A Zig implementation of the One Billion Row Challenge - processing 1 billion temperature measurements (13GB file) as fast as possible. This implementation uses multi-threading, memory-mapped files, SIMD vector operations, and cache-friendly data structures to achieve high performance parsing and aggregation.
The challenge: Read a text file with 1 billion rows of city name and temperature pairs, calculate min/mean/max temperature per city, and output results sorted alphabetically.

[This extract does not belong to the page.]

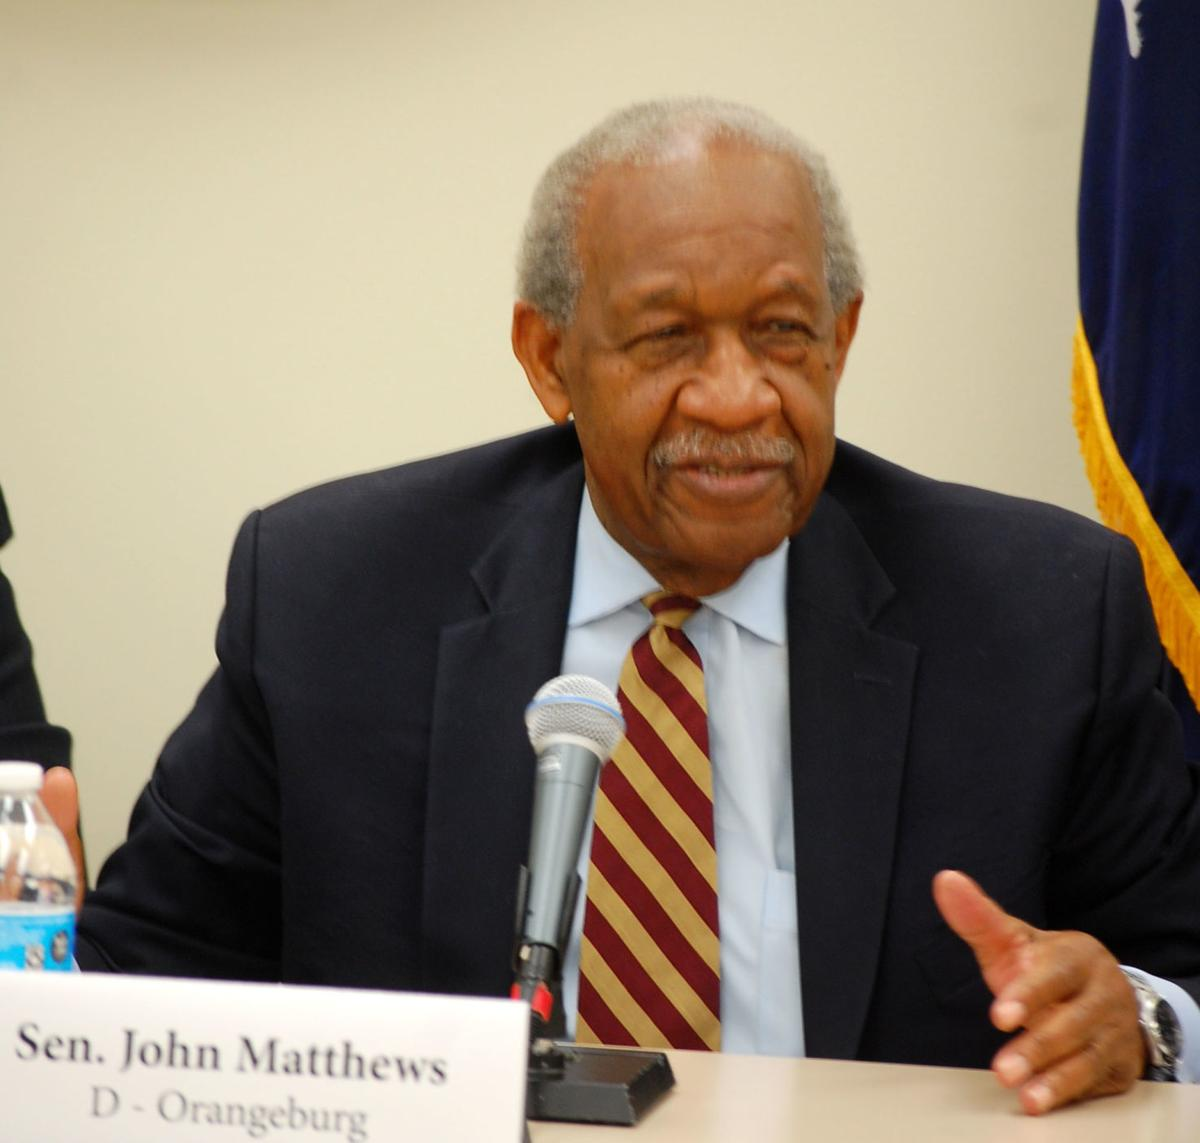 Sen. John Matthews

All results are run on my local Apple M3 Pro (12 cores) with 32gb RAM
- Baseline implementation:
02:43.260 - Winner thomaswue implementation:
00:01.212
- Working single threaded implementation:
00:21.981- Optimized buffer parsing
- Stack allocated slice with forward-probing as hash map for storage
- Minimized branching
- Zero heap allocations
- Switch to custom integer parsing:
00:20.654 - Implement multi-threading:
00:05.136 - Use memory-mapped file:
00:02.489 - Remove several memory copying scenarios:
00:02.232 - Switch from mod to bitwise and with power of 2 hash-table:
00:02.184 - Merge Slot and Stat structs to avoid cache misses:
00:02.171 - Use SIMD for semicolon and new-line lookup:
00:01.572
zig build -Doptimize=ReleaseFast
time zig-out/bin/1brc measurements.txt